I'm also facing the same issue, why container_path is an absolute path? this will impact all windows users.
https://github.com/mlflow/mlflow/blob/7c25e4ddd36d209d22488cdce699419430d74205/mlflow/projects/backend/local.py#L325-L332
I'm still facing this issue with mlflow v2.6.0 on Windows 10. Does anyone know a workaround?
same, i have the mlflow version 2.9.2(latest) and i still face the error in windows, any workarounds/solutions? Thanks
@lennartvandeguchte heres what i did, i have windows 11, i installed wsl for ubuntu and now its all good. occasionally it gets a bit buggy but thats alright ig
@lennartvandeguchte heres what i did, i have windows 11, i installed wsl for ubuntu and now its all good. occasionally it gets a bit buggy but thats alright ig
Could you elaborate more please?

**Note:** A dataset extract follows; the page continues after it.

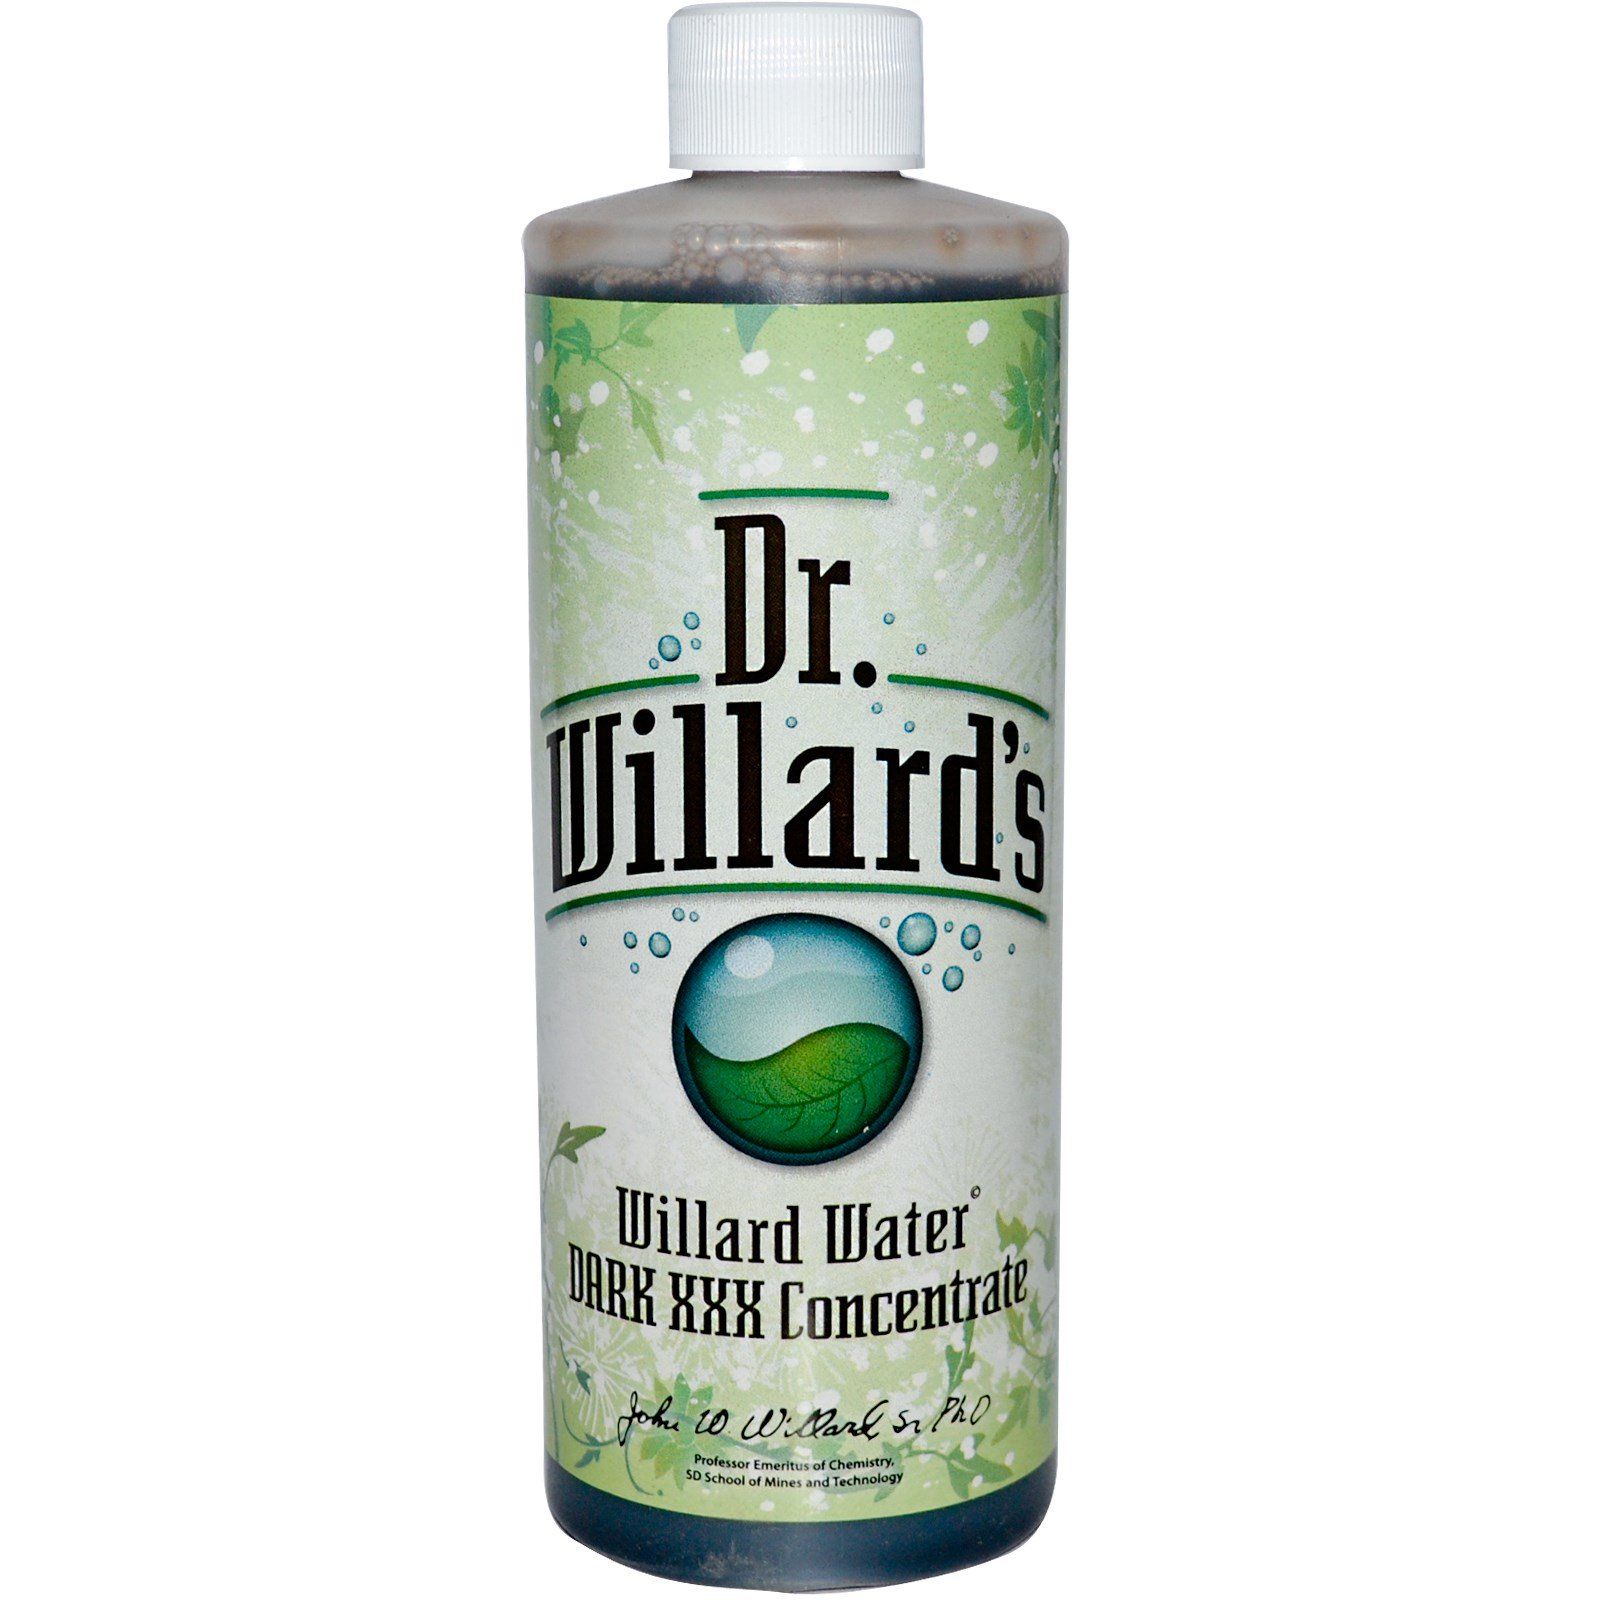 Willard Willard Water темный концентрат XXX 16 унций (0,473 л) verdi falstaff willard white

I'm still facing this issue. Thanks!
@mario-schiappacasse-ug what os are you using? and what trouble are you having?
@JINO-ROHIT
I'm running windows 11. While trying to run mlflow run it gives the following error. docker: Error response from daemon: invalid mode: \Users<user>\project\mlruns\0<run-id>\artifacts. See 'docker run --help'.
In the MLproject i have defined a docker_env.
@mario-schiappacasse-ug hey the bug is that is doesnt work on windows, you basically have two choices -
- use wsl on windows which gives you a linux environment on a windows machine.
- dual boot and run this on ubuntu.
@JINO-ROHIT Thanks! Will try!
I'm currently trying with devcontainer running in debian. But for some reason mlflow is creating a broken volume for the artifacts.